Wednesday, May 22, 2013
Tessa L. Dysart (Regent University School of Law) has posted The Protected Innocence Initiative: Building Protective State Law Regimes for America’s Sex-Trafficked Children (Columbia Human Rights Law Review, Vol. 44, 2013) on SSRN. Here is the abstract:
Under the federal Trafficking Victims Protection Act of 2000 (TVPA), the prostitution of minors under the age of eighteen falls specifically within the crime of human trafficking, which makes prostituted children trafficking victims. Human sex trafficking includes the “recruit[ing], entic[ing], harbor[ing], transport[ing], provid[ing], obtain[ing], or maintain[ing]” of minors for commercial sexual exploitation. The passage of the TVPA increased political and public awareness of the existence of human trafficking, but initially most of this awareness was focused on trafficking across international borders. In recent years, however, the federal government and non-profit organizations have turned their attention to the trafficking of U.S. citizens in general and domestic minor sex trafficking in particular.
“Domestic minor sex trafficking is the commercial sexual exploitation of American children within U.S. borders and is synonymous with child sex slavery, child sex trafficking, prostitution of children, and commercial sexual exploitation of children.” Although Congress has enacted tough laws that comprehensively address the crime of sex trafficking, limited federal enforcement resources constrain the federal government’s ability to combat domestic minor sex trafficking, which is just one subset of the overall crime of human trafficking. Furthermore, because domestic minor sex trafficking involves the prostitution of children, the prosecution of which has traditionally been a matter of state and local concern, it is important for states to play a significant role in prosecuting domestic minor sex traffickers and providing restorative care to victims. However, while many states criminalize human trafficking, only some states’ laws specifically address minor sex trafficking, and many of the laws are not as comprehensive and protective as federal law.
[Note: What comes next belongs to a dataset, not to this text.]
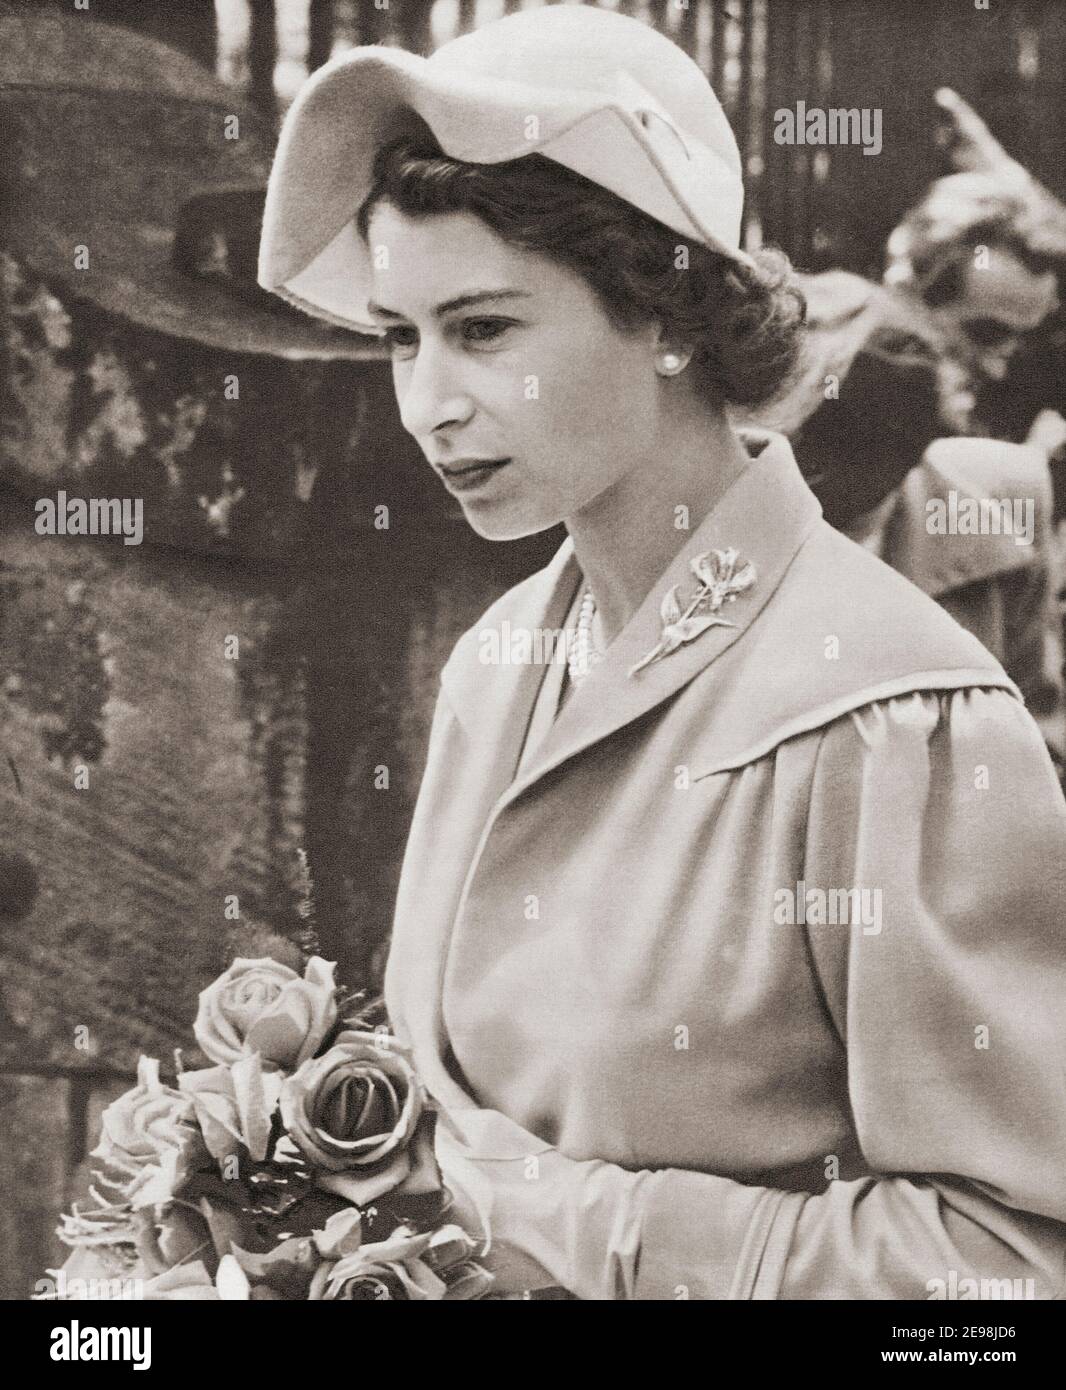 EDITORIAL ONLY Queen Elizabeth II seen here in 1952.  Elizabeth II, Queen of the United Kingdom, 1926 - 2022.  From The Queen Elizabeth Coronation Book, published 1953. Stock Photo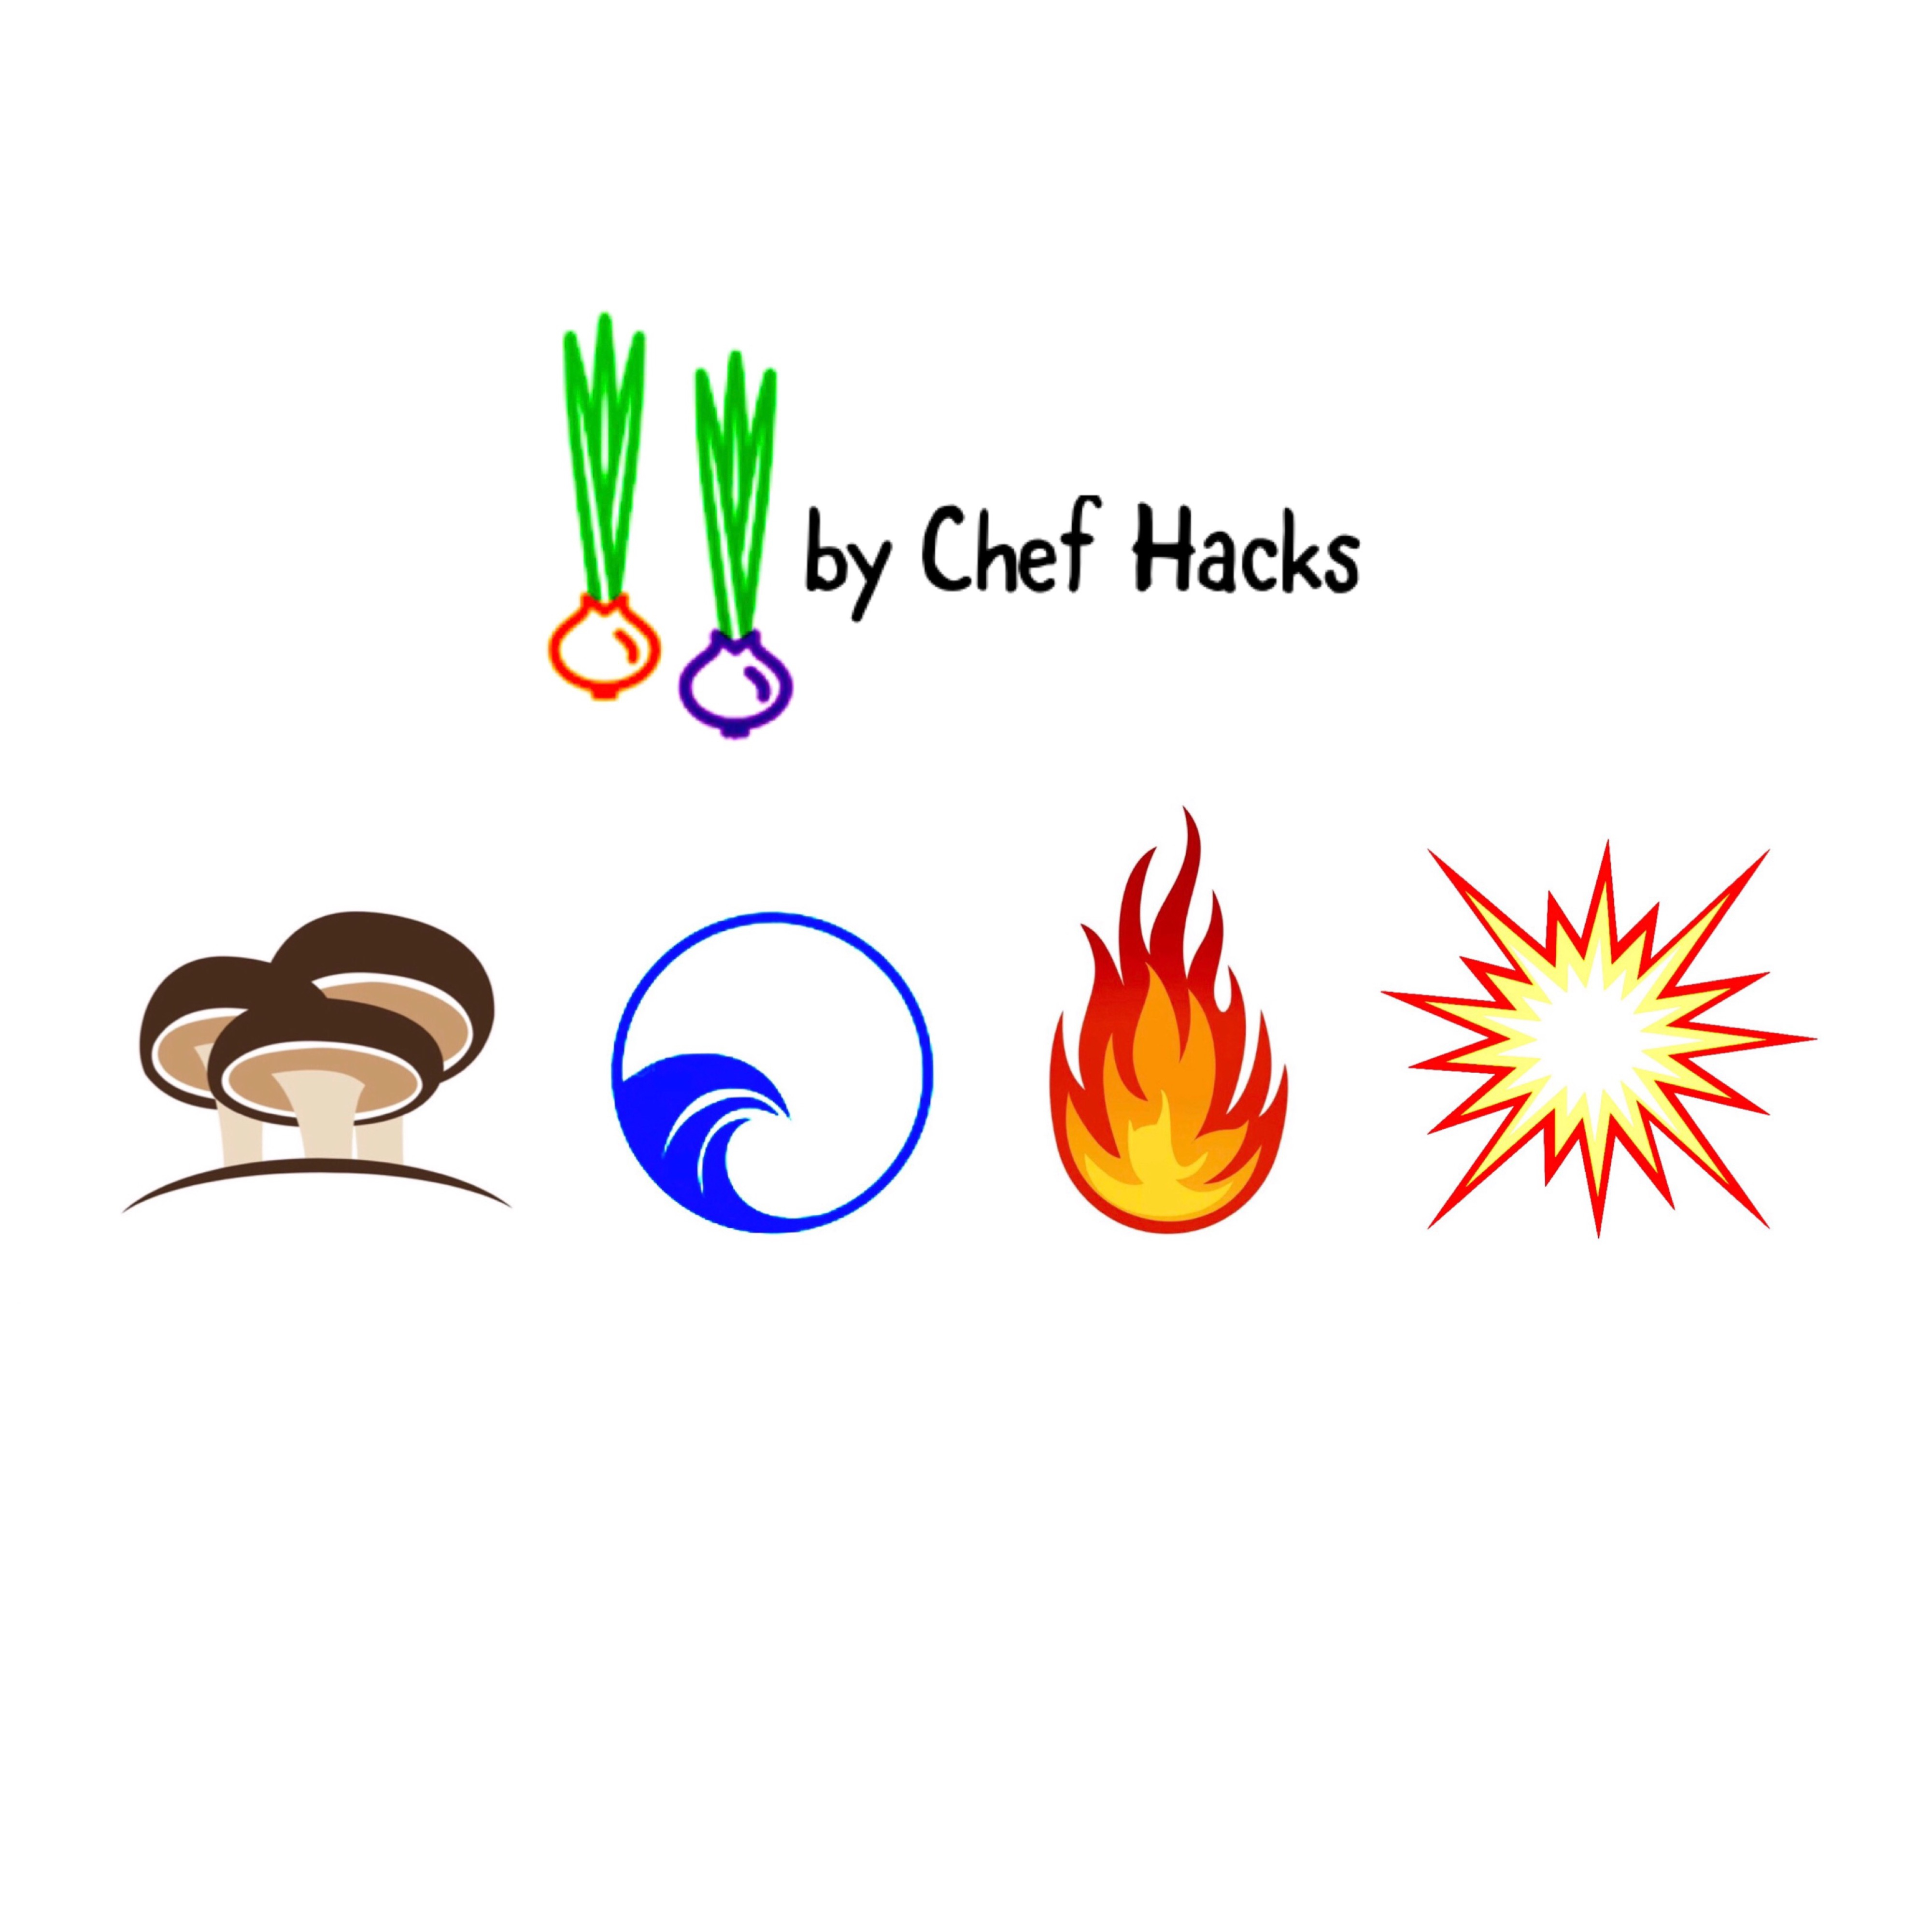 by Chef Hacks

Some states even treat trafficking victims as criminals or delinquents under state law.
Until recently, the full extent to which state law addressed domestic minor sex trafficking and provided restorative care to victims was unknown. In December 2010, Shared Hope International, a non-profit organization committed to eradicating sex trafficking and slavery, announced the Protected Innocence Initiative, which “set out the basic policy principles required to create a safer environment for children.” The Initiative’s goal was to undertake a detailed analysis of the laws of each state and the District of Columbia on domestic minor sex trafficking and related issues, including laws criminalizing the commercial sexual abuse of children, laws pertaining to non-commercial child sexual abuse, child protective (dependency) and delinquency provisions, and laws relating to police training and investigative techniques. The analysis, which was undertaken with the American Center for Law and Justice, identified numerous weaknesses in state domestic minor sex trafficking laws that must be remedied for states to effectively and comprehensively address domestic minor sex trafficking. While some states have improved their laws since the Protected Innocence Initiative research was completed, there is still a significant amount of work to be done to make state laws truly protective of domestic minor sex trafficking victims.
In Part II of this Article, I explain the purpose and necessity of the Protected Innocence Initiative by first reviewing the federal laws on domestic minor sex trafficking, which provide a useful comparison point for state laws, and then examining the need for states and localities to play a role in investigating and prosecuting domestic minor sex trafficking. In Part III, I set out the specific policy principles analyzed in the Protected Innocence Initiative Methodology, explain why the Protected Innocence Initiative focused on a methodology rather than a model law, and review the Protected Innocence Initiative’s findings on key components. Finally, in Part IV, I discuss state legislative responses to domestic minor sex trafficking since the Protected Innocence Initiative and recommend additional steps for the future.